Review Date: 2003-09-29
Young people throughout the African continent who are trying to find a way to combat the superexploitation of their countries by the various imperial powers of today often thirst for the speeches and writings of a revolutionary whose life was ended when most of them were children. That revolutionary's name is Thomas Sankara. He was the main leader of a revolution that took place in the West African nation of Burkina Faso, formerly the French, repeat French, colony of Upper Volta; the workers and farmers government he headed up was in power from 1983-87. This was the only Marxist leadership to ever hold power in Africa to this day. Giant first steps were made under this revolution in the liberation of women by the mobilization of women themselves; dam construction, irrigation, and reforestation projects began, spearheaded by voluntary labor brigades of the most politically conscious and solidarity-motivated workers and peasants; the revolution began to arm the people; and again and again, Sankara pointed to the Cuban revolution as the example for all Africa to emulate if Africa's efforts to develop and free itself are to succeed. As the Yankee Empire, in the first place, and French imperialism, in the second place, among others, increasingly use military ( "peacekeeping" ) forces to gain the riches of the African continent; as desertification and AIDS crises, fed by the rapacious "free market" capitalist system, continue to ravage sub-Saharan Africa, Sankara's words and example of revolutionary ACTION are more important than ever. His trenchant critique of both U.S. AND French imperialism are more needed than ever now, including here in the belly of the Imperial Beast, as well.

A modern revolution in West Africa
Helpful Votes: 2 out of 2 total.
Review Date: 2003-09-22
This is a selection of five speeches by Thomas Sankara, the central leader of the 1983-87 revolution in the west African country of Burkina Faso (formerly Upper Volta). The revolution was initiated in August, 1983, when a group of military officers seized power and appealed for support from the masses of Burkinabè workers and peasants. It ended when Sankara was assassinated in a military coup. During those four years the revolution proved to be "a movement of the immense majority for the benefit of the immense majority," as Sankara stated in a speech in October, 1983

The Burkina Faso revolution sought to educate and mobilize the masses of working people to work together to climb out of the social and economic backwardness that had been imposed on them by French imperialism. The revolutionary leadership organized the masses of people to lay the basis for economic development, to provide food, jobs and housing for all, to expand the accessibility of medical care and primary education to the great majority of the people of this very poor and underdeveloped country.

One major obstacle to progress in Burkina Faso was the degradation of women and the suppression of their capacities to work in all areas of social endeavor. The revolution strove to elevate women's status, to take major strides toward equality in all fields and to encourage them to provide leadership at all levels. As Sankara argued, "we do not talk of women's emancipation as an act of charity or because of a surge of human compassion. It is a basic necessity for the triumph of the revolution. Women hold up the other half of the sky."

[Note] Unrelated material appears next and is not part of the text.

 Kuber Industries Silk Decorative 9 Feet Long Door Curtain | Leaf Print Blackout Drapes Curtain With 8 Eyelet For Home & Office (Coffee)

The Burkinabè revolution mobilized millions in the campaign to counteract the southward spread of the north African desert. As Sankara explained, "ten million trees have been planted under the auspices of a People's Development Program lasting fifteen
months-a first venture while the five-year plan was being prepared. . . . Explained in this way, our struggle to defend the trees and the forest is first and foremost a democratic struggle that must be waged by the people. The sterile and expensive excitement of a handful of engineers and forestry experts will accomplish nothing! "

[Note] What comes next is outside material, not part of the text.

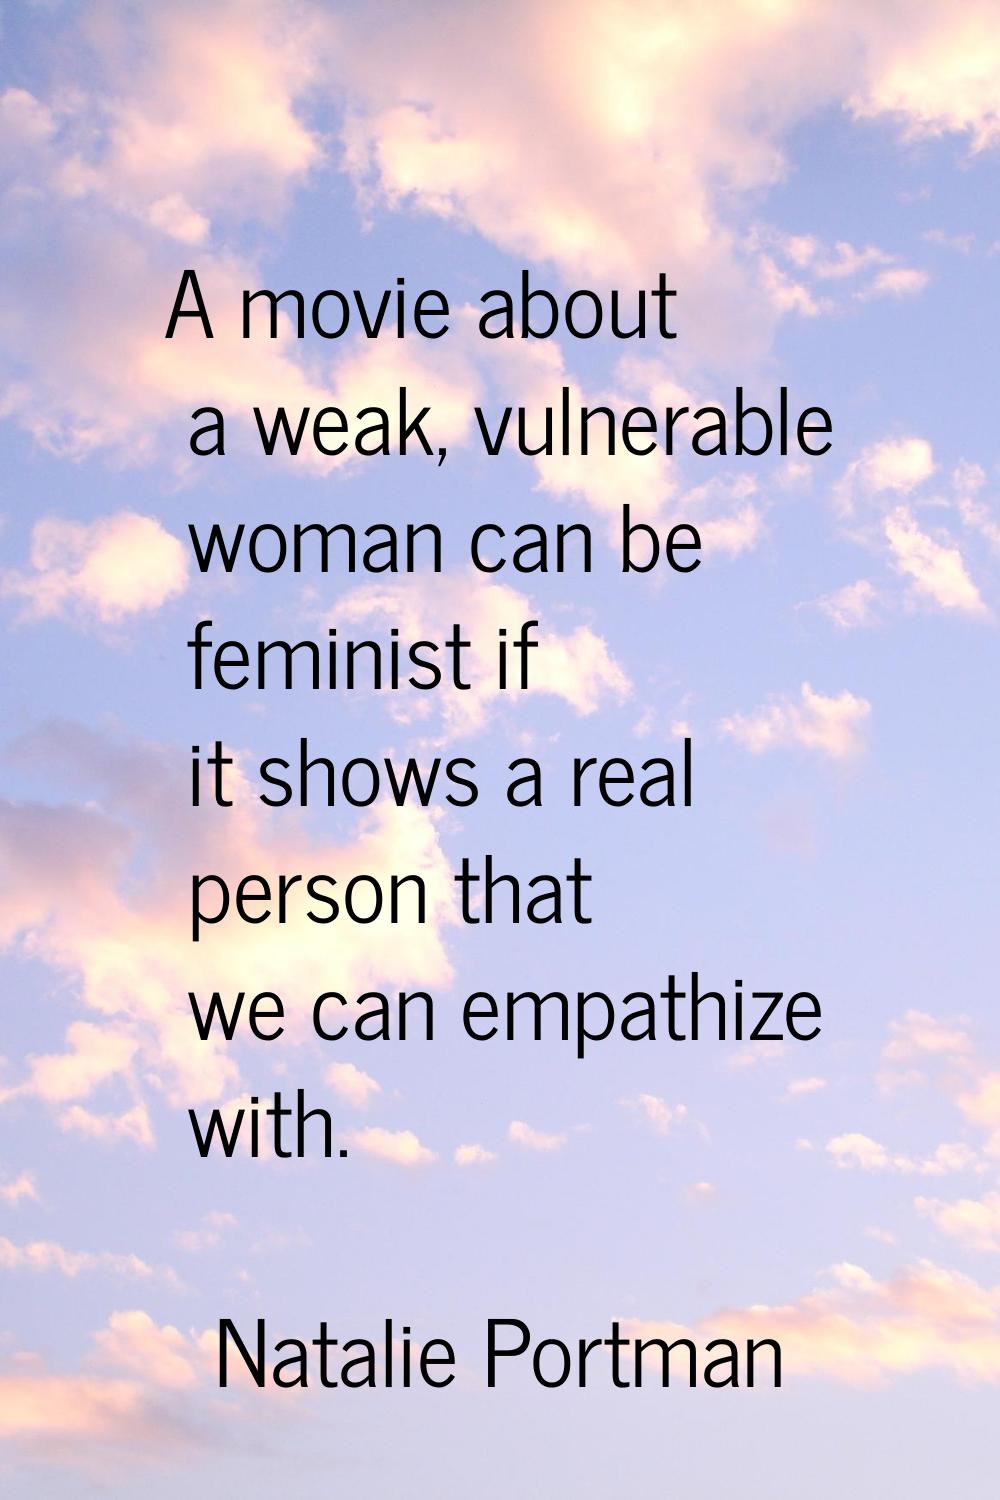 A movie about a weak, vulnerable woman can be feminist if it shows a real person that we can empath

One week before his assassination Sankara gave a speech on the twentieth anniversary of the death of Che Guevara, the Argentine Marxist who helped lead the Cuban revolution. Indicating the impact of Che's example within the Burkina Faso revolution, Sankara said, "Every time we think of Che, we will try to be like him, to make this man, the fighter, live again. And especially, every time we think of acting like him, in the spirit of self-sacrifice, in the rejection of bourgeois wealth that tries to alienate us, in refusing the easy path, but also by turning to education and the rigorous discipline of revolutionary morality-every time we try to act in this way, we will have better served Che's ideas and made them known more effectively."

Africa
WEALTH EFFECT Africa In Midst of Global Economic Transformation
Published in Paperback by Lulu.com (2007-12-15)
Author: Chamberlain S. Ph.D. Peterside
List price: $15.49
New price: $15.48

Average review score:

Evolving Africa
Helpful Votes: 0 out of 0 total.
Review Date: 2008-02-24
Dr. Peterside has done an excellent job with this very readable volume.
Wealth Effect takes a holistic approach to Africa's plaques.
The analysis is thorough, fresh and insightful.
Historical, cultural and psychological factors are taken into account, in trying to tackle Africa's monumental ills.

The author's optimistic tone is palpable, as one goes through this thought provoking book.
Hence, the solutions proposed appear within easy grasp.

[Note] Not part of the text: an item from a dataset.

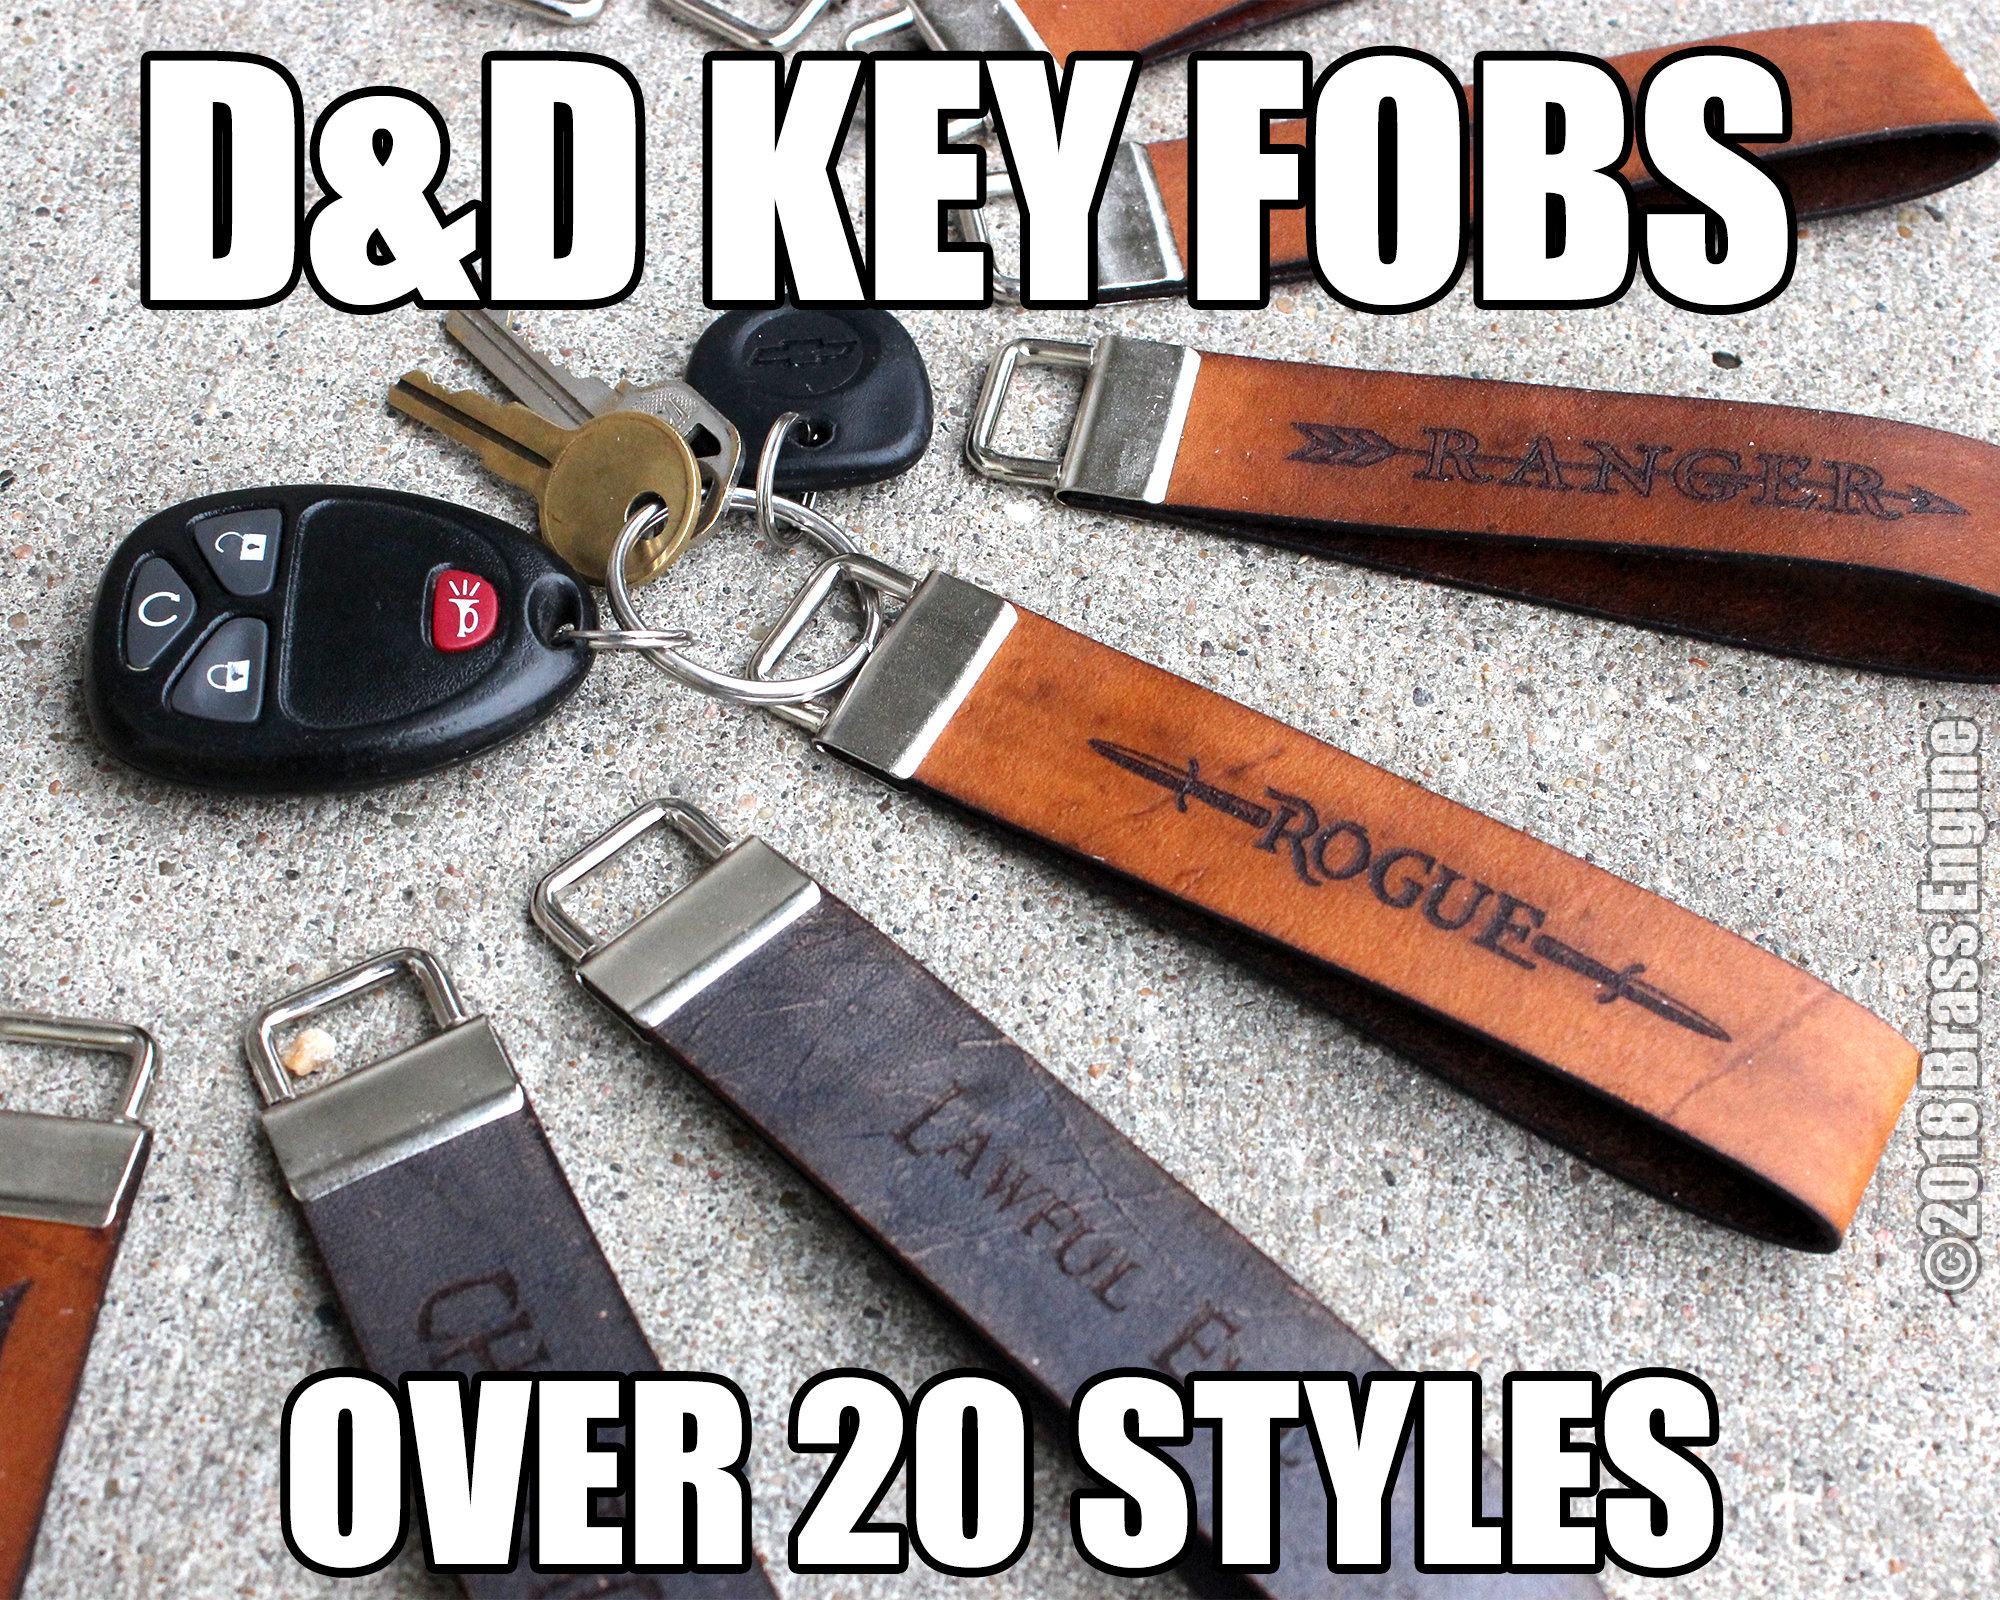 Unique Bargains Car Fob Key Chain Keychains Holder PU Leather 360 Degree  Rotatable with D Shaped Ring Key Rings Set Pink

Africa cannot escape its misery without changing its political culture.
It has been said that "states like men are built of character"
To paraphrase Mr. Lee the former prime minister of Singapore, Culture (character) is destiny.

Kleptocracy is not democracy. To paraphrase Fela kuti, a famous Nigerian musician, what we have is "democrazy."

In conclusion, the depth and breadth of Wealth Effect makes it a must-read for anyone interested in evolving Africa.

Splendid Work
Helpful Votes: 0 out of 0 total.
Review Date: 2008-02-07
After going through this book, am truly impressed by the breadth of the author's grasp of contemporary global issues as it relates to Africa. Its also quite interesting to see how a wide array of thought-provoking questions, critical problems and policy solutions for the continent are compressed in a concise manner within this book - serious recommended reading for anyone who cares to know or desires to explore the so-called "final Frontier".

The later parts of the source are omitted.